Sometimes you don’t know it was a “last.” You hear it over and over but feeling it is cringy. You forgot to savor.
Years ago I read a book of BETH Moore’s where she said she woke her kids up every morning. She knew it was controversial. Some would think it was spoiling but when she explained herself I knew I would be doing the same thing for as long as I possibly could. The real world will be so harsh. They will have the rest of their life to wake up to that harsh alarm. While they are with me I can make their mornings a joyful experience. I took it on as my mission.
While I have them set their alarm, I come in right before to make sure their wake up time is pleasant. I have this desire for mornings to be a vision of their purpose for all God can give them for a day; To only see one day at a time and not worry about the future or past.
This morning was my senior’s last day of high school. She jumped out of bed before her alarm.
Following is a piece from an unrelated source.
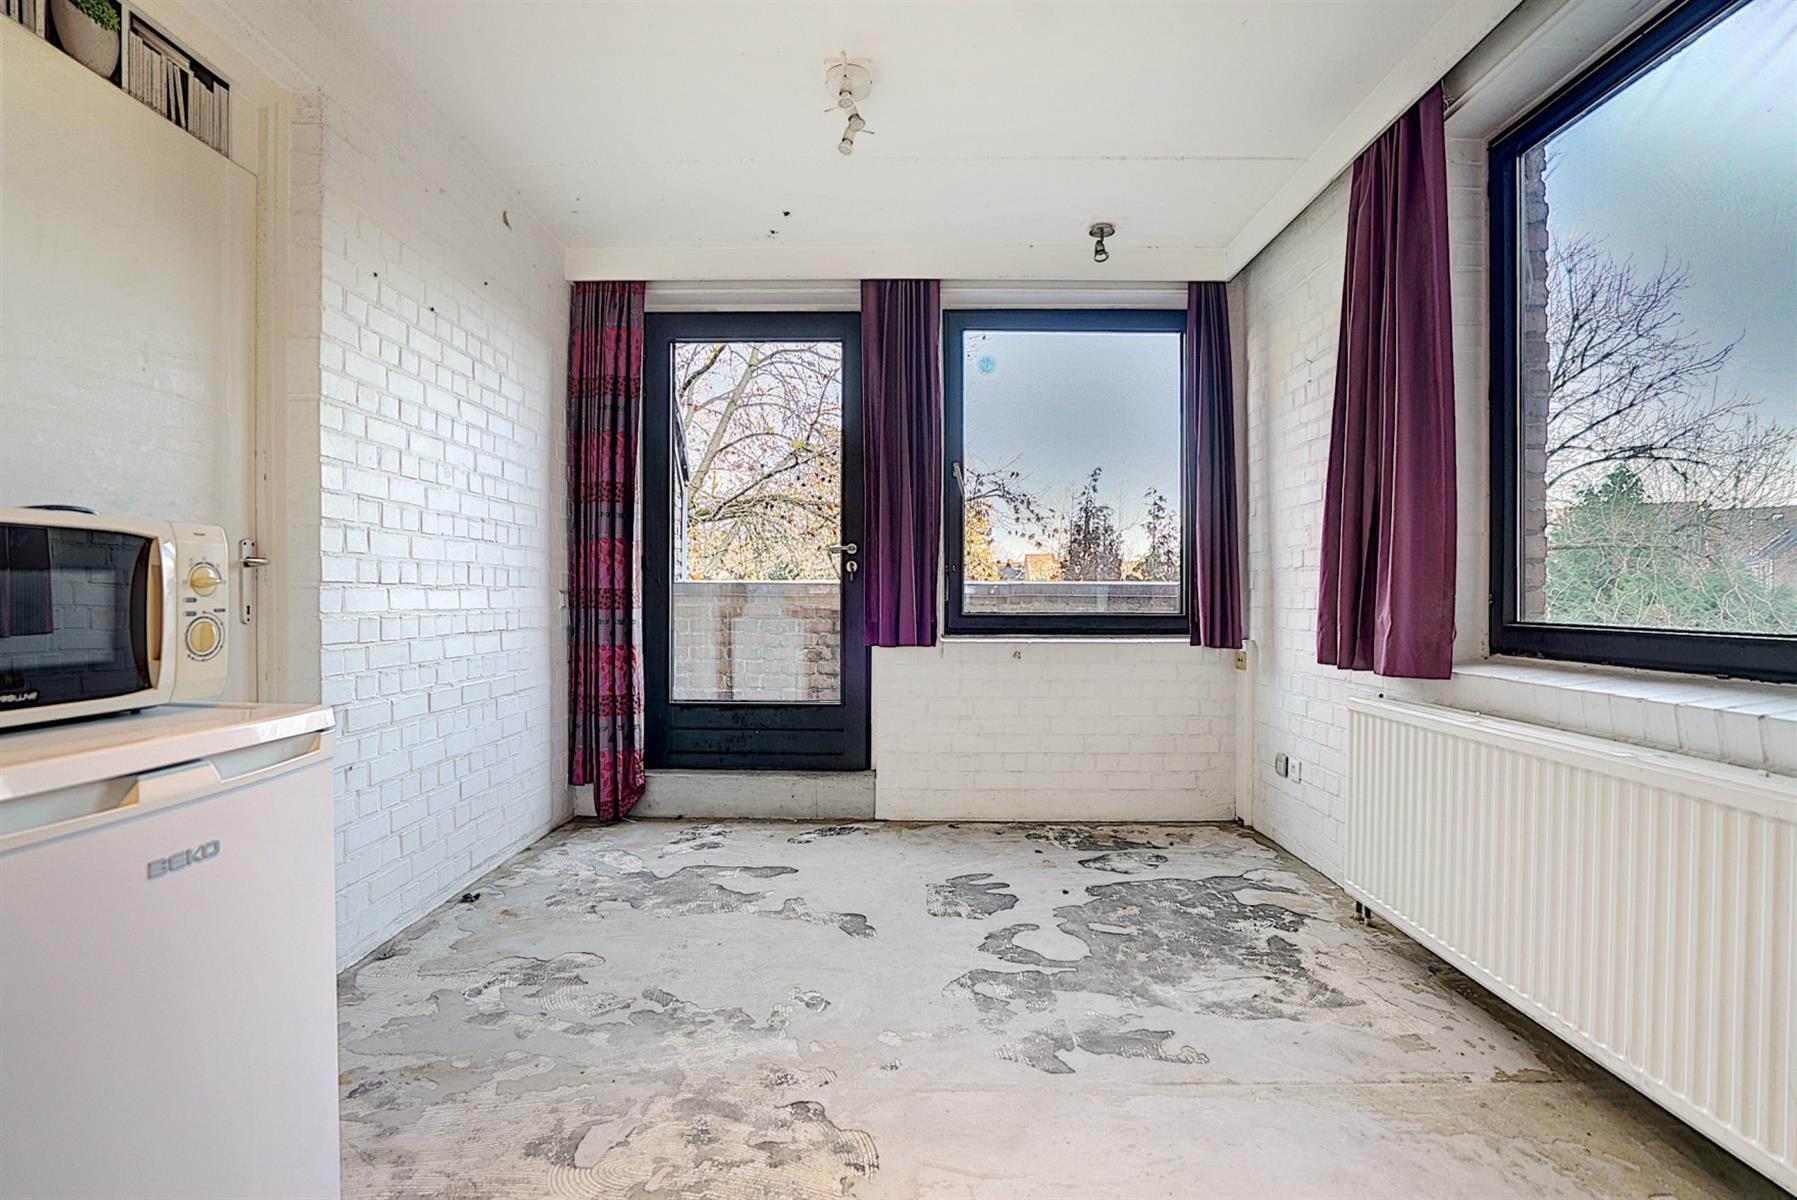 Appartement - Ottignies-Louvain-la-Neuve Louvain-la-Neuve - #4208592-6

So when I came to wake her, I was excited to see that she was already up and going.
It wasn’t until she left for her final exam that I realized that I had woken her up for school for the last time yesterday. I didn’t know yesterday that it would be the last time.
My baby girl will leave for college in 2 1/12 months. All these mornings of prep will be for her to decide how to wake up, how she will take on the day. I didn’t know to savor it or basque in the moment. I thought it would be this morning.
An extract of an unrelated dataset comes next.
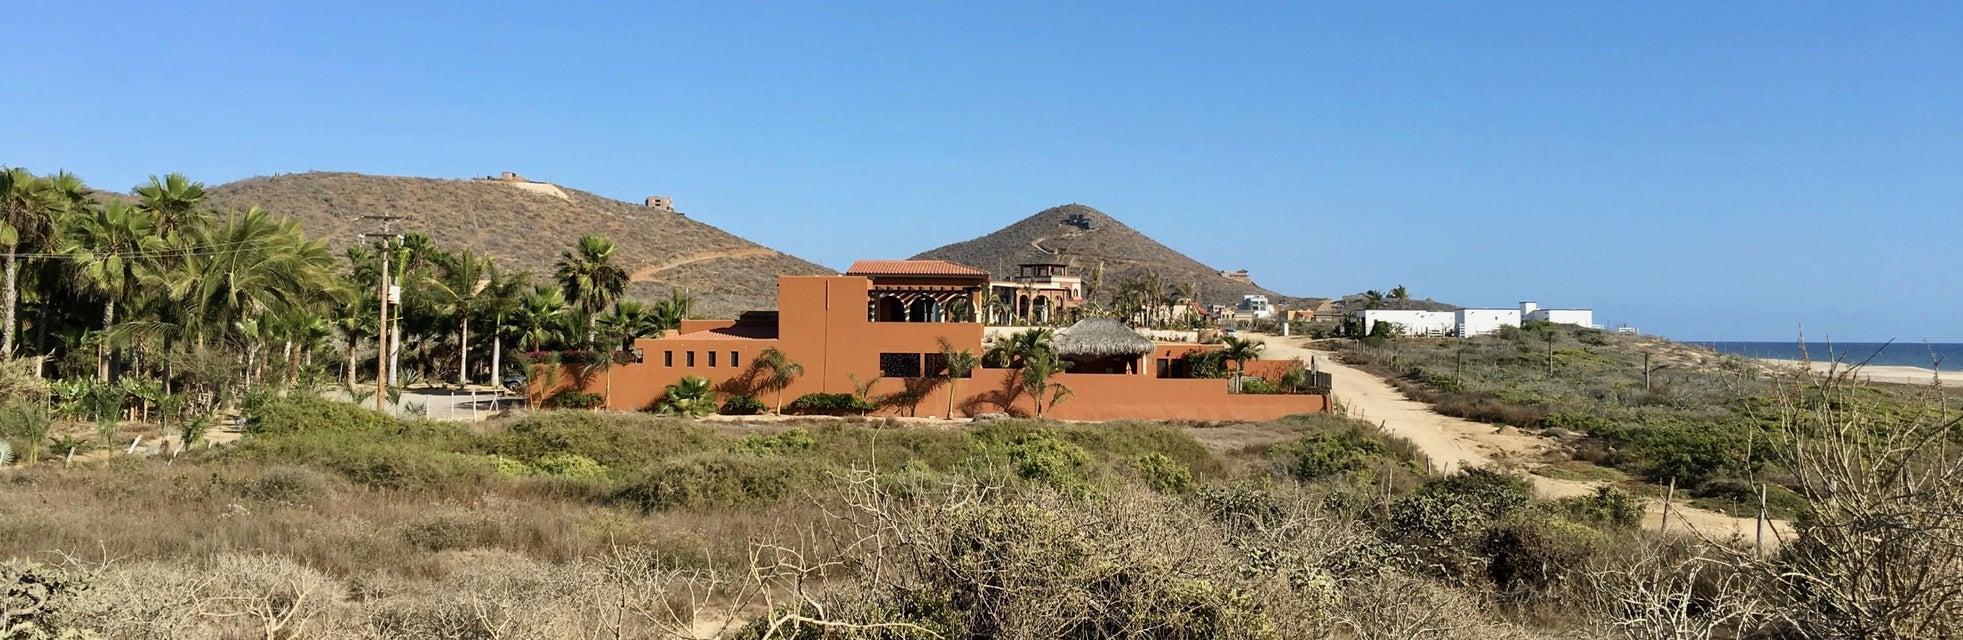 Villa Ventanas-52

Mostly I didn’t know that my stoic self would burst into tears as my independent daughter rushed out the door saying, “last day of school, ever”.
Of course I rebutted, “ we never stop going to school in real life,”because I’m THAT mom; but in all actuality, it’s her last.
My heart gleamed with pride, but for some reason, my eyes won’t stop leaking tears down my face.
Motherhood is such a contradiction. It is not for the weak. Sending love to all my fellow proud mommas! Cheer them on with leaky eyes and swollen hearts. I see you!